R型铁氧体BaFe4-xTi2+xO11的化学组态以及磁性行为的研究

本文通过传统的固相反应法制备了R型六角铁氧体BaFe_4-xTi_2+xO₁₁ (x= 0, 0.25, 0.5, 0.75, 1), 并且对它的原子价态以及磁性行为进行了研究. X 射线光电子能谱(XPS)结果显示了随着掺杂含量的增加, 体系中Fe³⁺离子逐渐减少而Fe²⁺离子逐渐增加. 由于具有非对称结构的阻挫晶格中存在各种关联作用的竞争, 使得BaFe_4-xTi_2+xO₁₁体系表现出了复杂的磁有序行为, 在T₁～250 K和T₂～83 K两处存在磁转变. 对这一系列掺杂样品, 在相变温度T₁之上表现顺磁行为, 而在相变温度T₂前后的磁化强度都表现出低场下随磁场的增加快速增加, 高场下则线性变化且在5×10⁴ Oe时还未达到饱和的行为, 表明这一系列掺杂样品是典型的倾斜反铁磁态(canted antiferromagnetic) 或者亚铁磁态.
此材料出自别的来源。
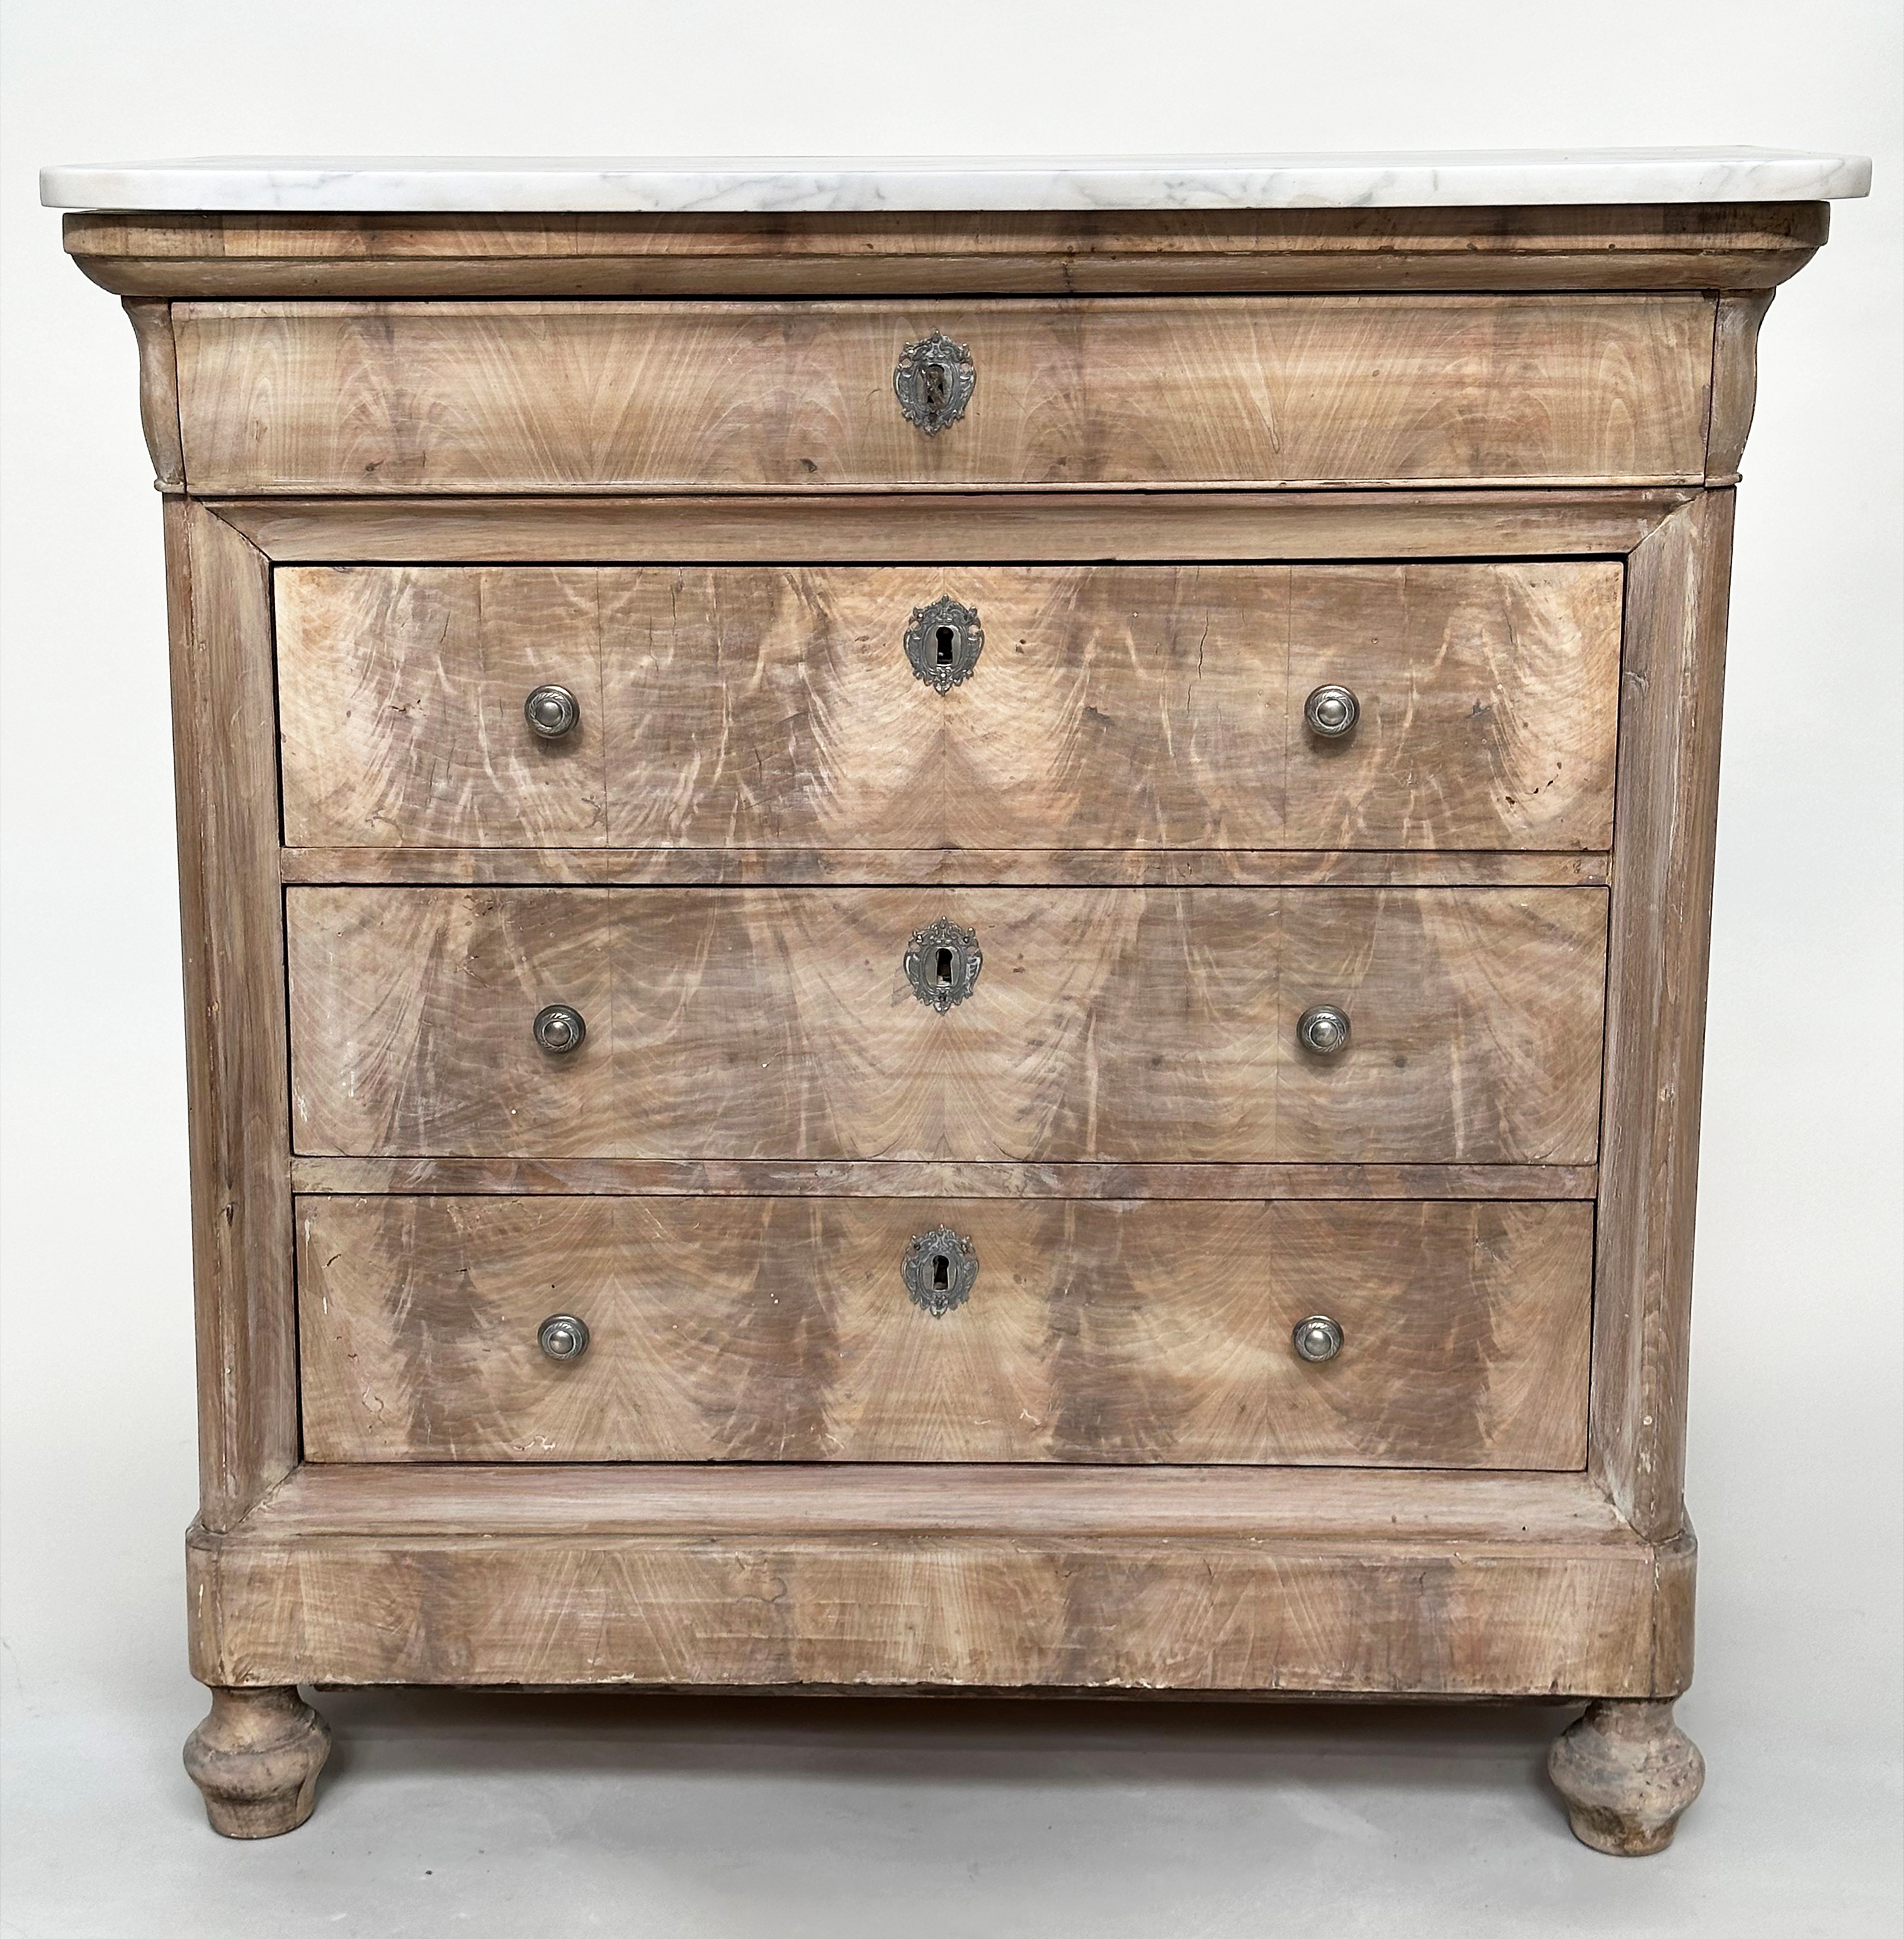 HALL COMMODE, 19th century French Louis Philippe flame mahogany with four long drawers and turned

Magnetic property and electronic structure of BaFe4-xTi2+xO11

In this paper, polycrystalline BaFe_4-xTi_2+xO₁₁ (x=0, 0.25, 0.5, 0.75, 1) samples have been synthesized by the conventional solid-state reaction method. X-ray diffraction (XRD) patterns of all the samples show that the diffraction peaks correspond to that of an R-type hexagonal ferrite structure, and no trace of second phase is detected. Measurement of X-ray photoelectron spectroscopy (XPS) reveals that most of the Fe ions in BaFe₄Ti₂O₁₁ are trivalent and the fitting of two peaks in Fe 2p spectrum corresponding to different Fe ion sites, while the amount of Fe²⁺ ions increases with the increase of Ti ions in BaFe_4-xTi_2+xO₁₁. The spectroscopy of Ti ions confirms that the valence of Ti in BaFe_4-xTi_2+xO₁₁ are tetravalent. Magnetic susceptibility of BaFe_4-xTi_2+xO₁₁ (x= 0, 0.25, 0.5, 0.75, 1) reveals two magnetic transitions at T₁～250 K and T₂～83 K, which indicate a complex magnetic order driven by competing interactions on a frustrated lattice with a noncentrosymmetric structure. For all the samples, the magnetic susceptibility obeys Curie-Weiss law above T₁, and M-H curves exhibit a linear variation with magnetic field in this temperature range, which is consistent with the paramagnetic behavior. A decrease of the effective magnetic moment is due to the increase of Fe²⁺ ions with the increase of Ti content in BaFe_4-xTi_2+xO₁₁. Below T₁, the magnetization curve as a function of temperature (M-T) and the magnetization versus magnetic field (M-H) at different temperatures imply its characteristic of a typical canted antiferromagnetic or ferrimagnetic state. Meanwhile, the transition temperature T₂ drops gradually with the increase in Ti content, which might be related to the change of occupying of Fe ions in the kagome layers.